Your Silence Will Not Protect You
27 November 2021
-
23 Januari 2022
Semarang Contemporary Art Gallery, Jl. Taman Srigunting, Tanjung Mas, Semarang City, Central Java, Indonesia
Your Silence Will Not Protect You
a solo exhibition by
Mujahidin Nurrahman
writer:
Alia Swastika
25 November 2021 - 23 January 2022
Venue:
Semarang Gallery
“Your Silence will not Protect You”
Bagaimana membicarakan perempuan sebagai subjek yang mendasari penciptaan karya seni yang diciptakan oleh seniman laki-laki?
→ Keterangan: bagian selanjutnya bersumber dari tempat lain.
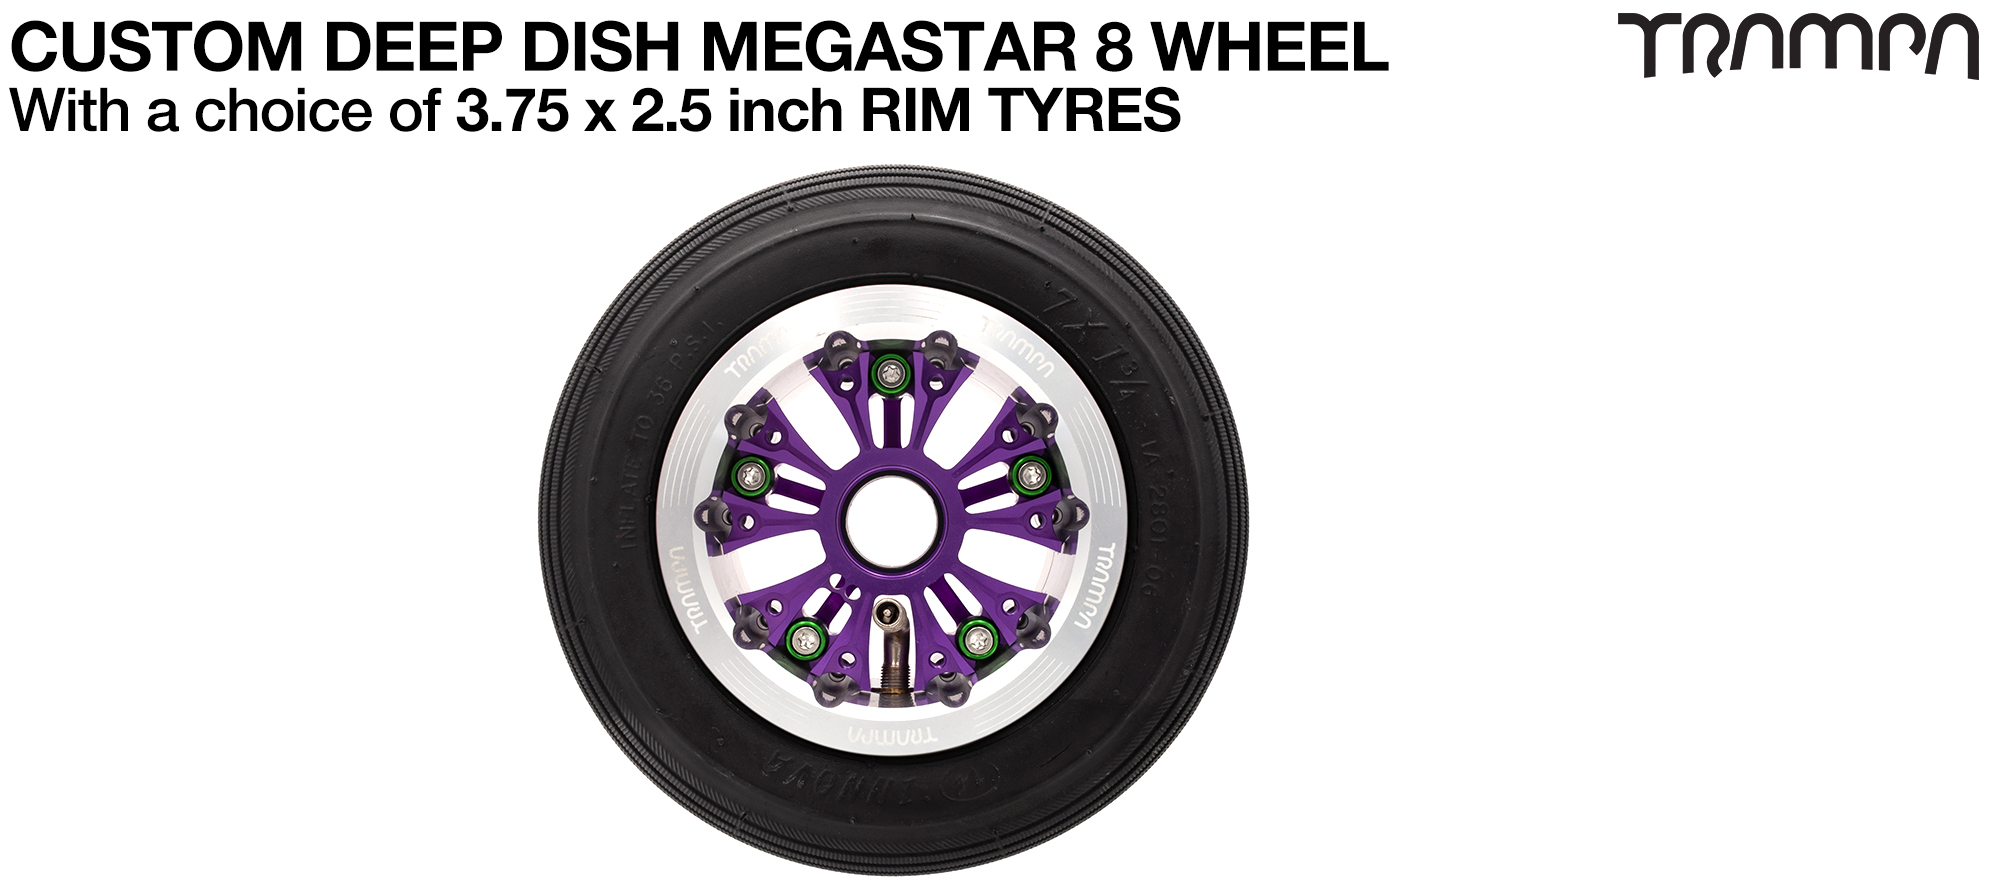 DEEP-DISH MEGASTAR 8 WHEEL - 7 Inch Tyres  (£80)

Apakah wacana gender dan feminisme yang berbasis pada pengalaman perempuan dapat ditranslasi ke dalam karya seniman laki-laki? Bagaimana politik gender bekerja dalam proses penciptaan karya yang mengambil tubuh dan identitas sebagai narasi? Pertanyaan-pertanyaan inilah yang muncul dalam benak saya ketika Mujahidin Nurrahman mulai mengajak saya untuk mendiskusikan karya-karyanya demi persiapan pameran ini. Sebagai kurator, salah satu fokus kerja saya adalah isu-isu gender dan feminisme, dan harus saya akui, sebagian besar kerja-kerja ini menghubungkan saya dengan seniman-seniman perempuan. Tidak banyak laki-laki yang tertarik membicarakan gender atau politik identitas dan seksualitas pada karya-karyanya. Karena itu, ketika Mujahidin mengajak saya untuk terlibat dalam pembacaan atas karya-karyanya, saya melihat hal ini sebagai tantangan besar, termasuk dalam hubungannya dengan relasi antara saya/kurator/perempuan yang berhadapan dengan dia/kurator/laki-laki. Dalam konteks isu gender, perspektif dan sudut pandang personal yang bersifat subjektif biasanya justru menjadi kekuatan untuk menampilkan feminisme sebagai kerja-kerja berbasis pengalaman.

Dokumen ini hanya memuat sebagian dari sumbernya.